Aluminium-inhibited NO3- uptake is related to Al-increased H2O2 content and Al-decreased plasma membrane ATPase activity in the root tips of Al-sensitive black soybean.

Abstract

In this study, Al-sensitive black soybean (Glycine max (L.) Merr.) specimens were treated in Hoagland solutions containing 50-400µM Al for 1-4 days. The measurement for NO3- uptake showed that the NO3- uptake decreased gradually as the Al concentration and treatment time increased, suggesting that Al stress significantly reduced the NO3- uptake by soybean. Under 100-µM Al stress for 4 days, the plasma membrane (PM) ATPase activity (inorganic phosphate (Pi) release), H+ pump activity, phosphorylation of PM ATPase and its interaction with 14-3-3 protein in soybean root tips were all smaller than those in the root tips of control plants. The addition of 150µM Mg2+ in Al treatment solutions significantly alleviated the Al inhibition of NO3- uptake in soybean. The presence of Mg2+ in a 100-µM Al solution pronouncedly enhanced PM ATPase activity, H+ pump activity, phosphorylation of PM ATPase and its interaction with 14-3-3 protein in soybean root tips. The application of 2mM ascorbic acid (AsA, an H2O2 scavenger) in Al treatment solutions significantly decreased Al-inhibited NO3- uptake in soybean.
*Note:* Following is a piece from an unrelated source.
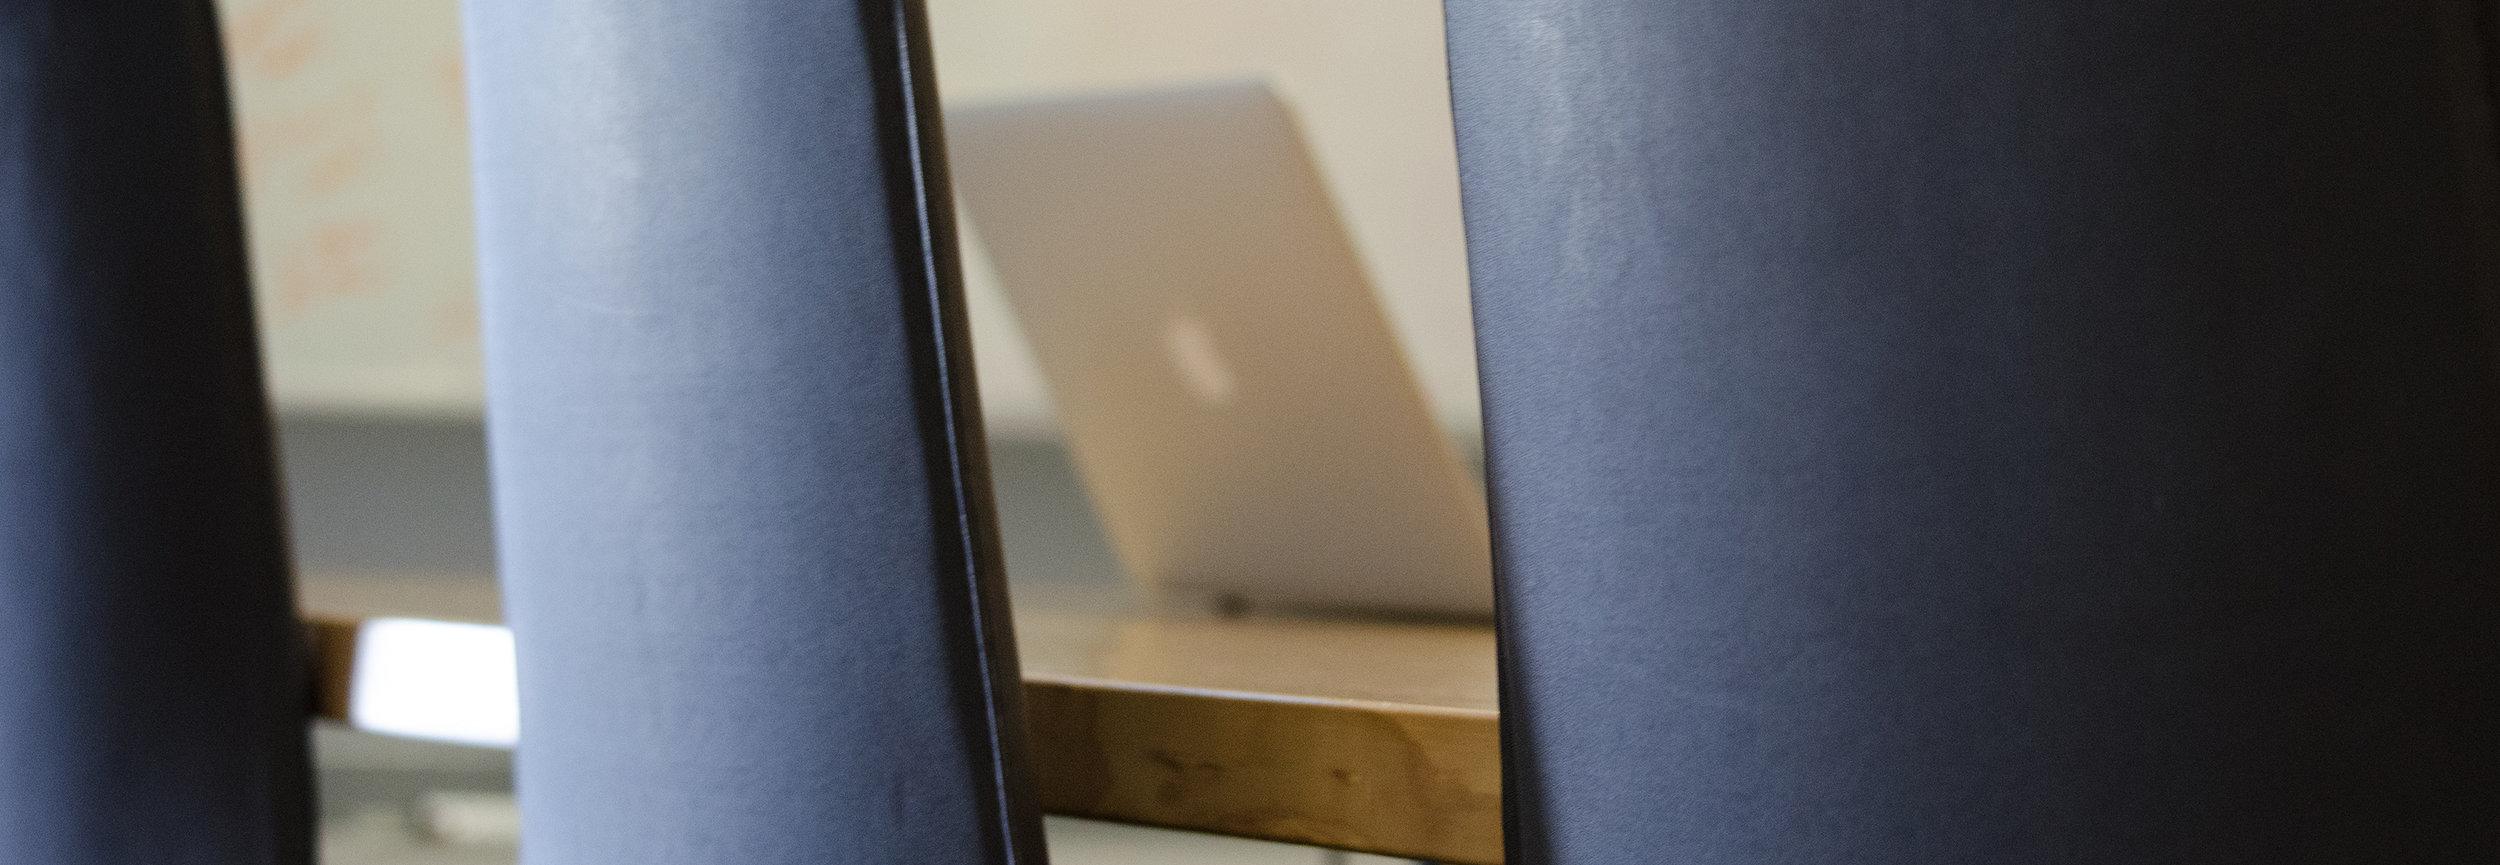 Metro-Screen-green-screen-studio-in-action cropped.jpg

The cotreatment of soybeans with 2mM AsA and 100µM Al significantly reduced H2O2 accumulation and increased the PM ATPase activity, H+ pump activity, phosphorylation of PM H+-ATPase and its interaction with 14-3-3 protein in soybean root tips. The evidence suggested that Al-inhibited NO3- uptake is related to Al-increased H2O2 content and Al-decreased phosphorylation of PM ATPase and its interaction with 14-3-3 protein as well as PM ATPase activity in the root tips of soybean.